Treat the line with "Louis Vuitton TOTALLY MM MONOGRAM BAG" as the starting point. Write it out and every line after it through the end of the listing below, exactly.

Exercise inputs
════════════════════
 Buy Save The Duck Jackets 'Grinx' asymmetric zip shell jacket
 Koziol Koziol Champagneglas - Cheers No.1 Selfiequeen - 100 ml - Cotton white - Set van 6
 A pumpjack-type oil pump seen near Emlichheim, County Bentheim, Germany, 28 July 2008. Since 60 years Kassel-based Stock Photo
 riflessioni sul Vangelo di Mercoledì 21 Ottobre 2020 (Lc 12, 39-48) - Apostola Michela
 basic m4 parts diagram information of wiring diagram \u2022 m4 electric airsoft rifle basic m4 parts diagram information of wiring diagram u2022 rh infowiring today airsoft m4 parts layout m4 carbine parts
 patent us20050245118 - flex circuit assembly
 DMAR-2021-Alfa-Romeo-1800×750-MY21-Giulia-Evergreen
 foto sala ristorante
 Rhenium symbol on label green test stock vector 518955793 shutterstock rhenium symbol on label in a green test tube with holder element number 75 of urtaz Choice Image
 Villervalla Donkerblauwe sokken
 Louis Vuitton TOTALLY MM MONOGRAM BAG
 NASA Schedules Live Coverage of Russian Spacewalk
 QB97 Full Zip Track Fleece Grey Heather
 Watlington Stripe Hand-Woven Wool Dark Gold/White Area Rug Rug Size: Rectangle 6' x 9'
════════════════════
Answer
 Louis Vuitton TOTALLY MM MONOGRAM BAG
 NASA Schedules Live Coverage of Russian Spacewalk
 QB97 Full Zip Track Fleece Grey Heather
 Watlington Stripe Hand-Woven Wool Dark Gold/White Area Rug Rug Size: Rectangle 6' x 9'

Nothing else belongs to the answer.